Ника деланно вздохнула.

- Ну вот! А я хотела поинтересоваться, поехал бы ты за мной в Пермь.

- До Перми не дошло бы.

- Ты так уверен?

- Да. Потому что об этом легко говорить сейчас, когда все так, как есть.

- А я не хочу думать, что могло быть иначе.

- Ты из-за этого так психанула?

Ника долго ничего не отвечала, глядя в окно машины, в котором ни черта не было видно.

- Не только, - заговорила она. – Я рассказала ей все. Как подруге, как близкому человеку. А получилось, как получилось. Слав, я больше никогда никому ничего не расскажу. Правда!

Ярослав в очередной раз усмехнулся и крепче сжал руль. Некоторое время помолчал, а потом тихо спросил:

- А мне расскажешь одну вещь?

- Какую? – удивилась Ника.

Закревский снова замолчал, по всей видимости, раздумывая. Повернул лицо к жене. В глазах его изредка мелькали искры, отражающиеся от редких фонарей. Потом посмотрел на дорогу и глухо спросил:

- Я тогда на целый месяц пропал… Когда с пневмонией валялся… А ты весь этот месяц продолжала торчать в Киеве. У тебя причин не было, а ты торчала. Почему?

- Не знаю, - Ника быстро пожала плечами. – Наверно, чтобы тебе не пришлось ехать в Пермь.

- Исчерпывающий ответ, - рассмеялся Ярослав. – По этому поводу у меня два замечания.
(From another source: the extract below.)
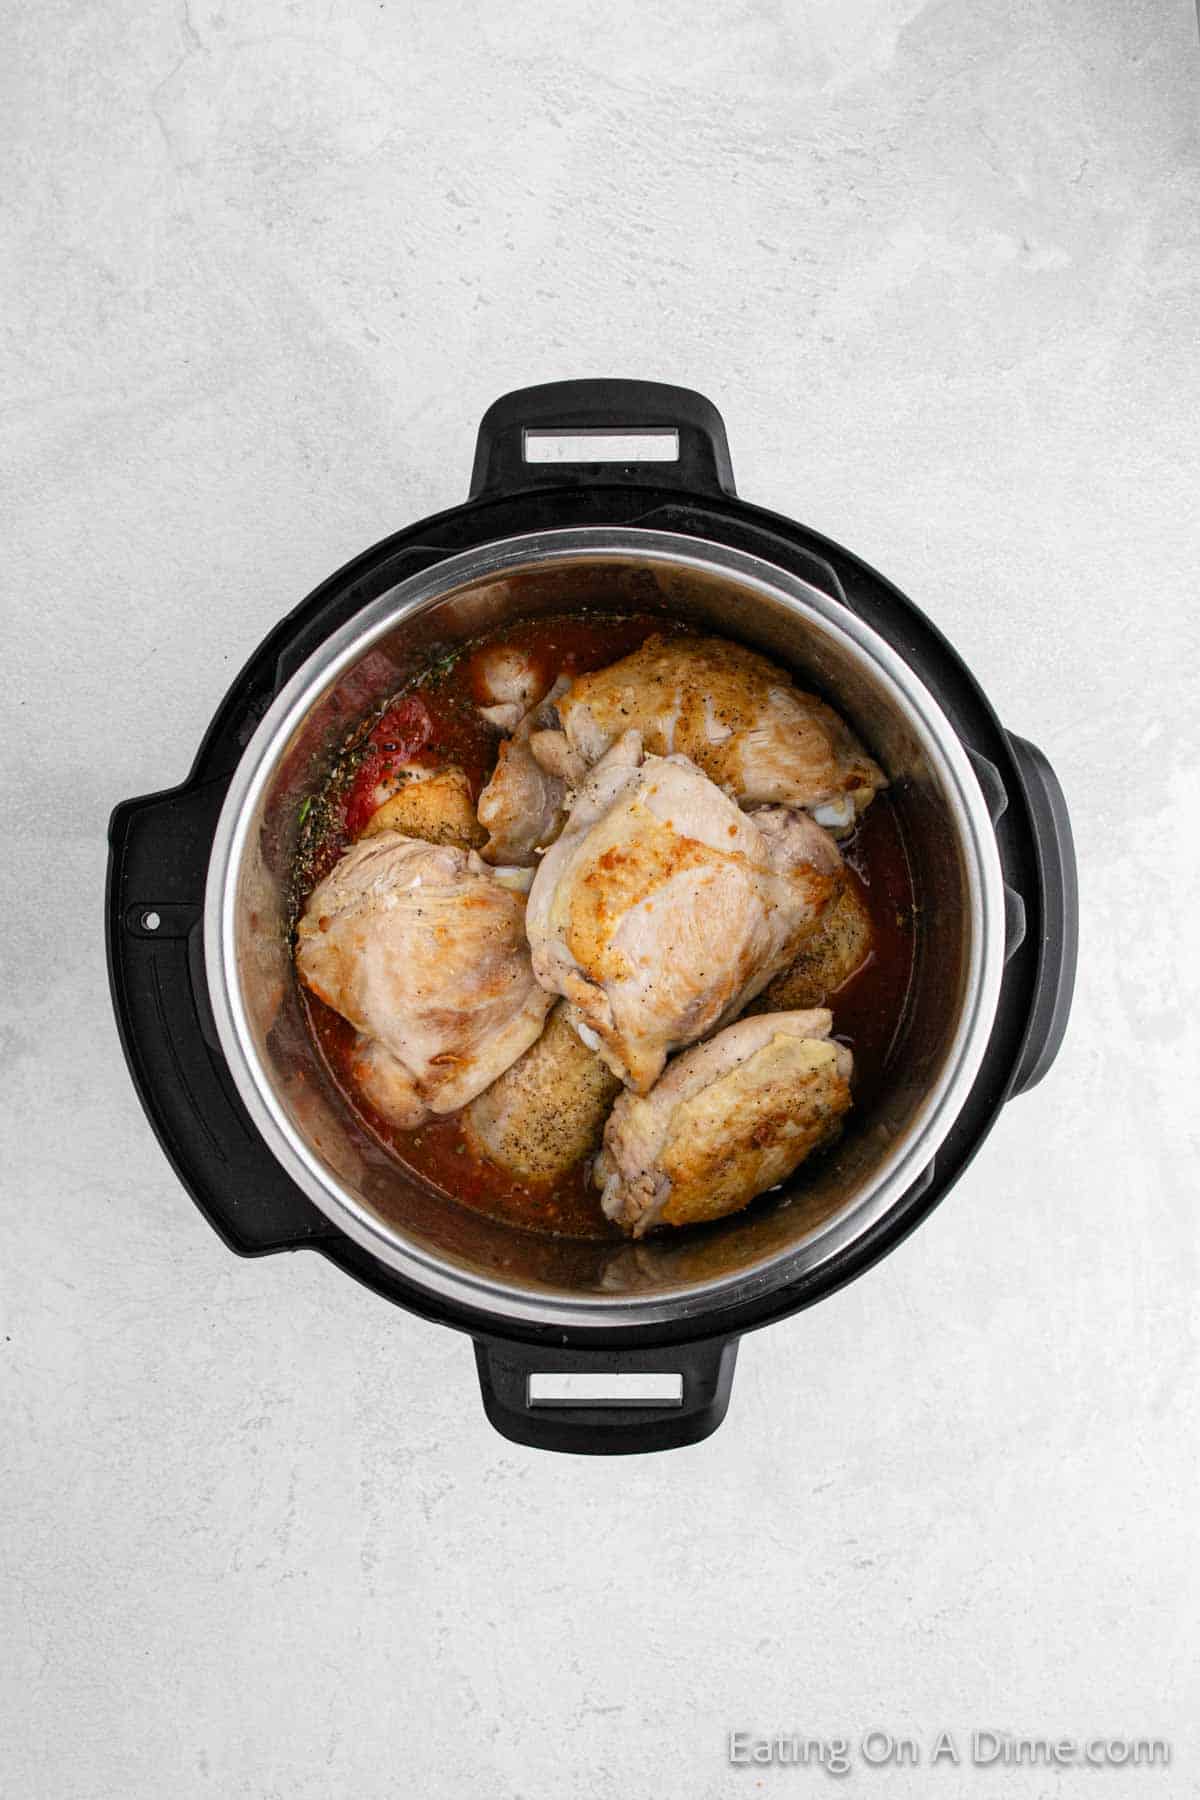 Topping the sauce with cooked chicken in the instant pot
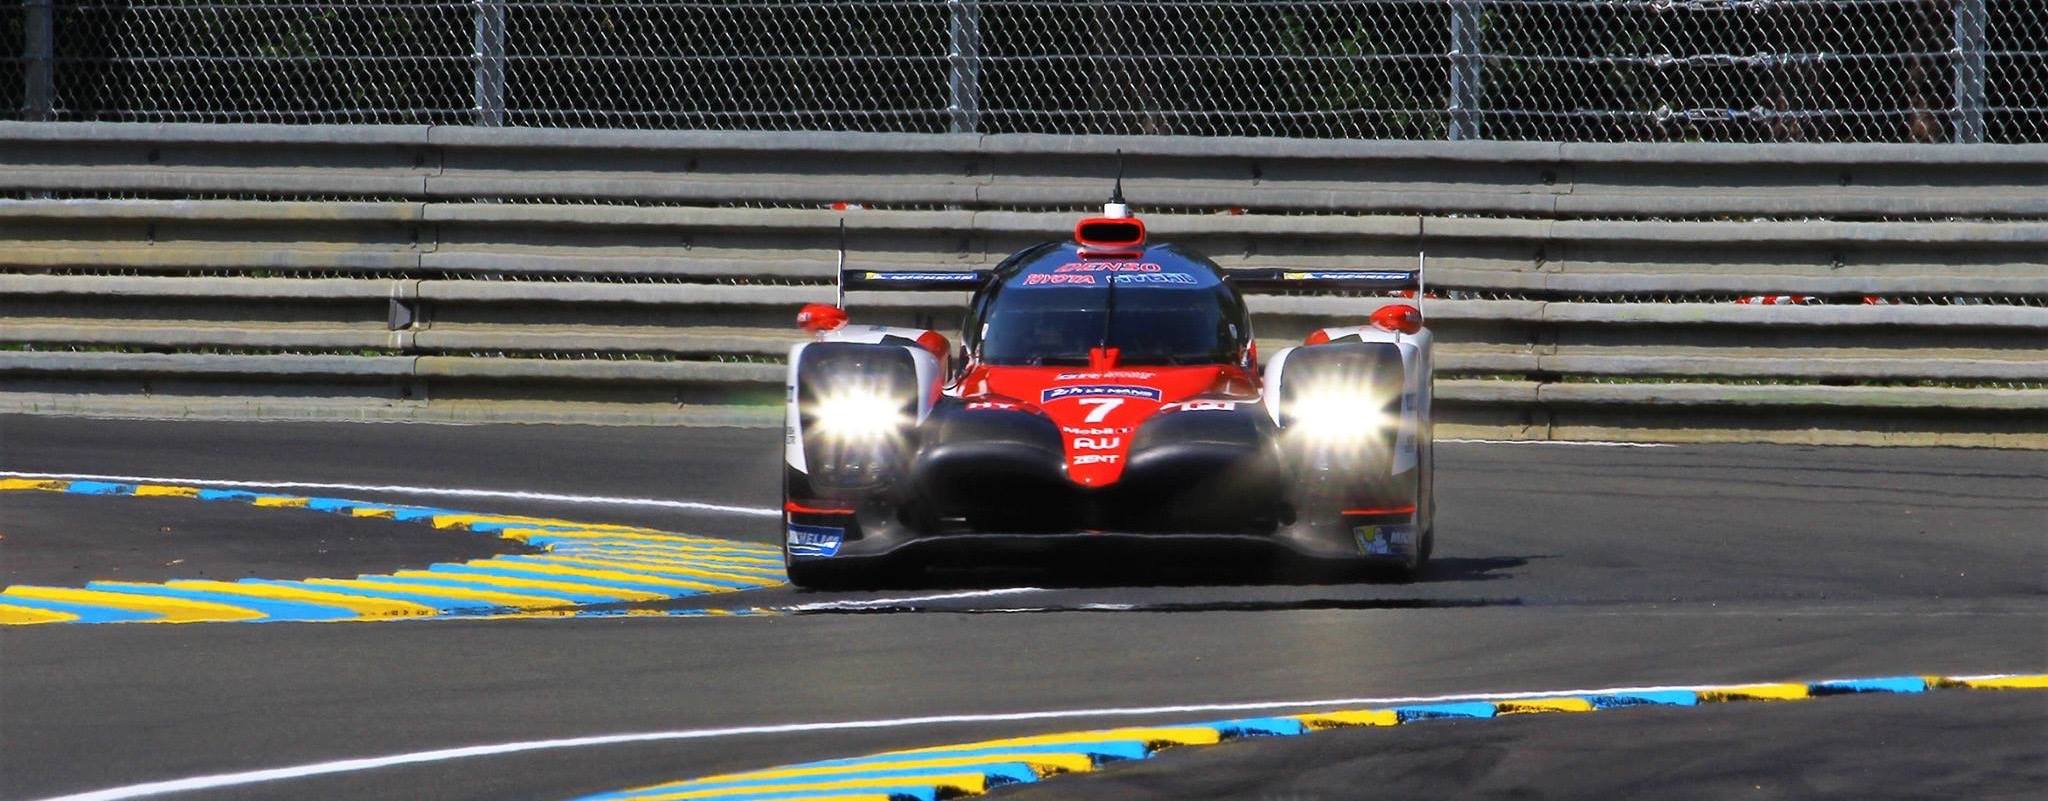 Toyota fastest in first qualifying session

Ника вопросительно приподняла бровь, глядя на дорогу.

- Во-первых, я тебя люблю. А во-вторых, надо в супермаркет заехать – молоко закончилось. Лягушата с утра потребуют.

- Я тебя тоже люблю, - теперь она снова смотрела на мужа. – И совсем не представляю, как это – «без тебя». Даже один день.

- Черт! - хохотнул он, повернул к ней голову и подмигнул. – Нарисовалось «в-третьих». Дома покажу, тебе понравится.

Конец.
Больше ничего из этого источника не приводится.